Католическая церковь завораживала меня в те годы поэзией обряда и мощью литургии. Я читал Фому Кемпийского и, очарованный густотой его тона, воображал себя отшельником, проводящим дни в молчании и молитве. Церковь казалась мне высшим образцом торжества эстетики над моралью, и она была для меня источником диковинных ритуалов и скорбных отречений. Я находил тайную радость в покаянном очищении от грехов – особенно тех, которых не совершал.

Но католическая вера не полностью удовлетворяла меня. Мне чудилось, что, как некоторые редкие вещества выделяются только под воздействием определенных растворов, так и я смогу выявить свою скрытую сущность, лишь погрузившись в среду прекрасных мыслей и слов. И я тянулся к тем, кто сумел бы мне помочь, к сильным личностям, в чьем присутствии мне удалось бы обрести собственное лицо.

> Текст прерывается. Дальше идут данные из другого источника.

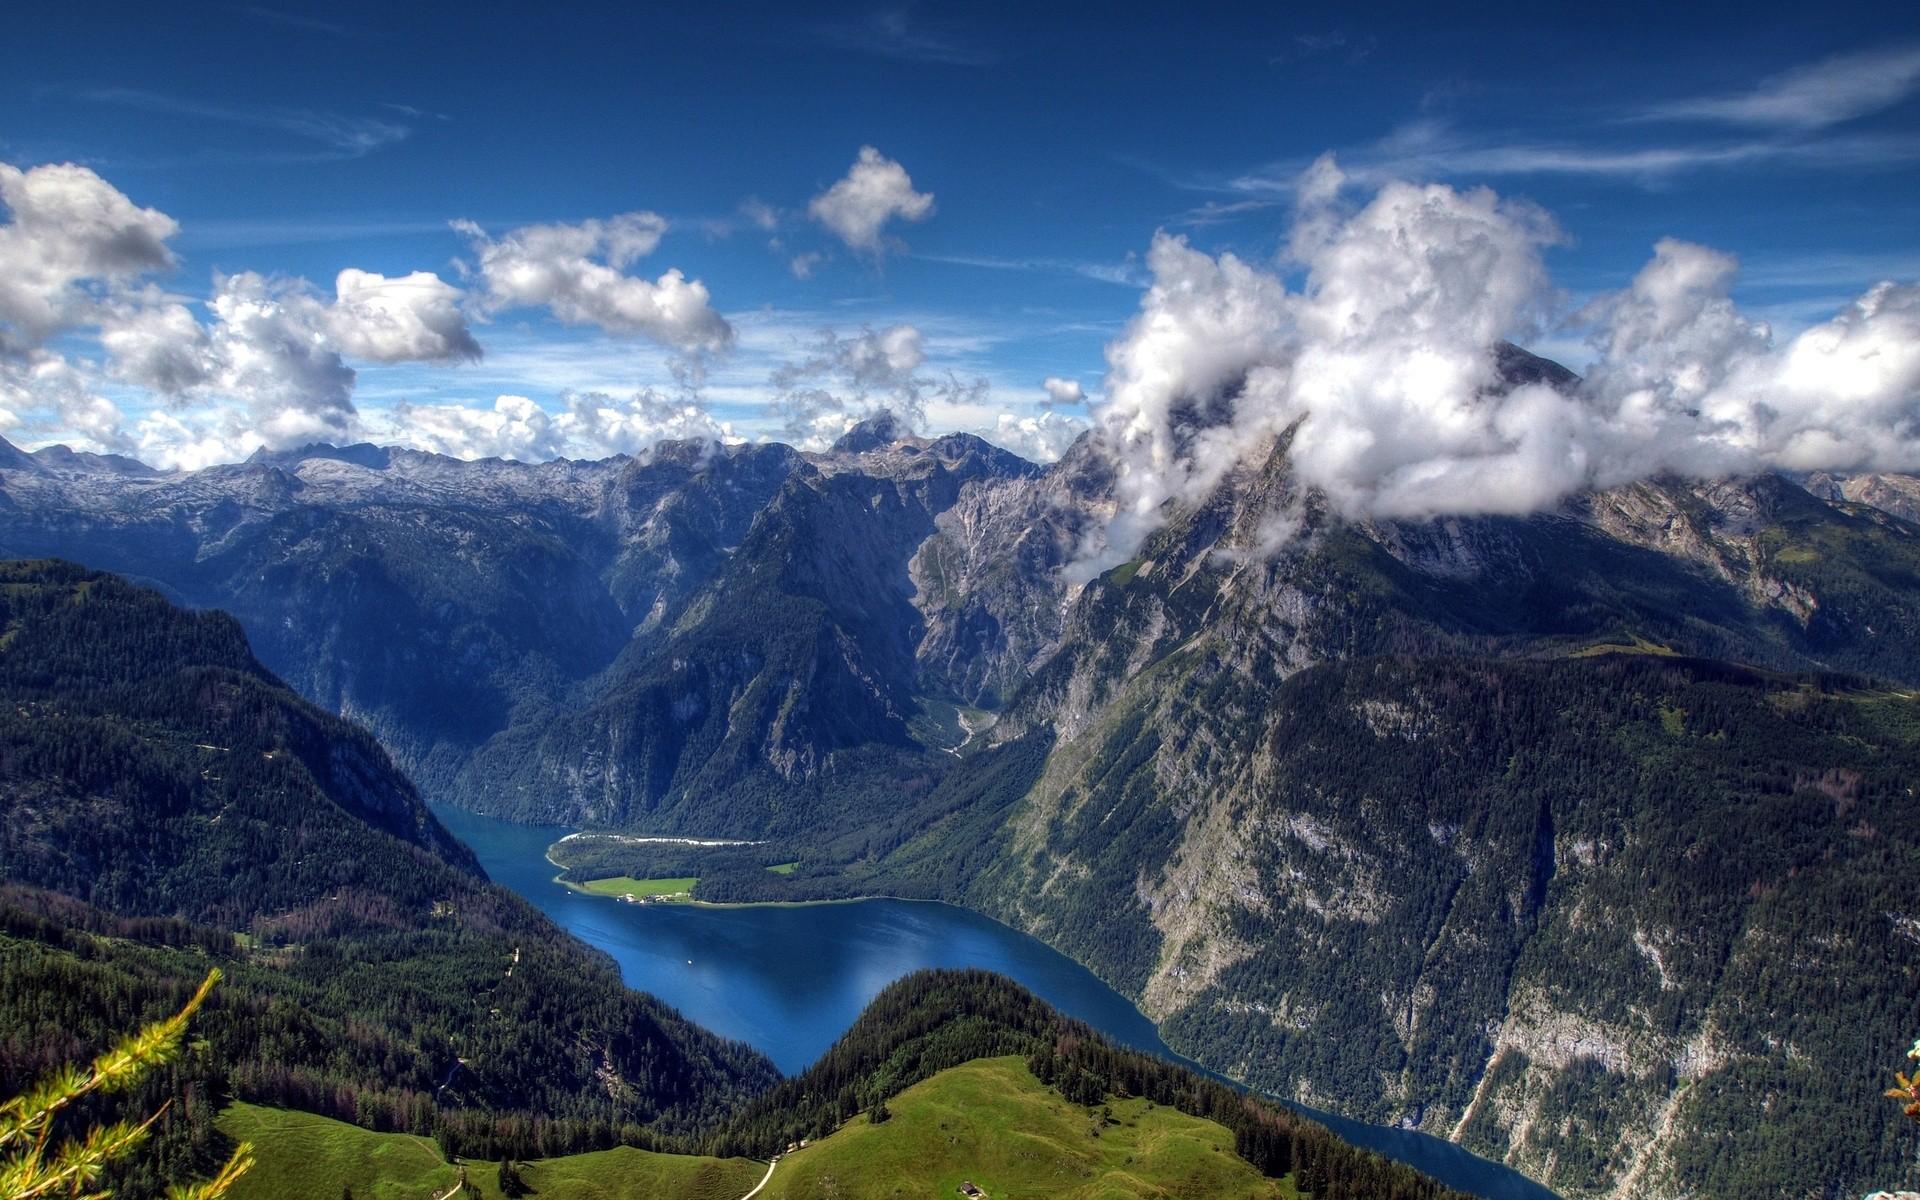 General 1920x1200 nature landscape mountains aerial view Alps Berchtesgaden National Park

Первым, к кому я обратился, был Джон Рёскин – подобно грешнице из Десятиградия, я жаждал прикоснуться к его одежде, чтобы в меня перелилась его сила. Еще в Дублине я охотился за его книгами и находил в них мощь убежденности, потрясавшую меня в моем убожестве, и я до сих пор помню свой восторг, когда я в первый раз увидел его в лекционном зале. Он вошел с тарелкой в руке – обычной фарфоровой тарелкой – и, не дожидаясь, пока мы рассядемся, начал говорить о нарисованных на ней розах и зеленой каемке. Он предложил нам, как суду присяжных, вынести тарелке приговор. Хорошо или плохо она сделана? Добродетельный или порочный ремесленник произвел ее на свет? Он держал ее перед нами, а мы молчали: щедрость и напор его речи, казалось, принадлежали какой-то отдаленной эпохе, и кое-кто едва сдерживал смех. Но вот он опять заговорил, словно забыв о своем вопросе. Он стал рассказывать о том, как исходил весь Лондон, – глядя на него, можно было этому поверить! – и о своем отвращении к фризам и консолям, уродующим стены продуктовых и мануфактурных лавок. Я бы с удовольствием сорвал все это прочь, сказал он и рубанул рукой воздух.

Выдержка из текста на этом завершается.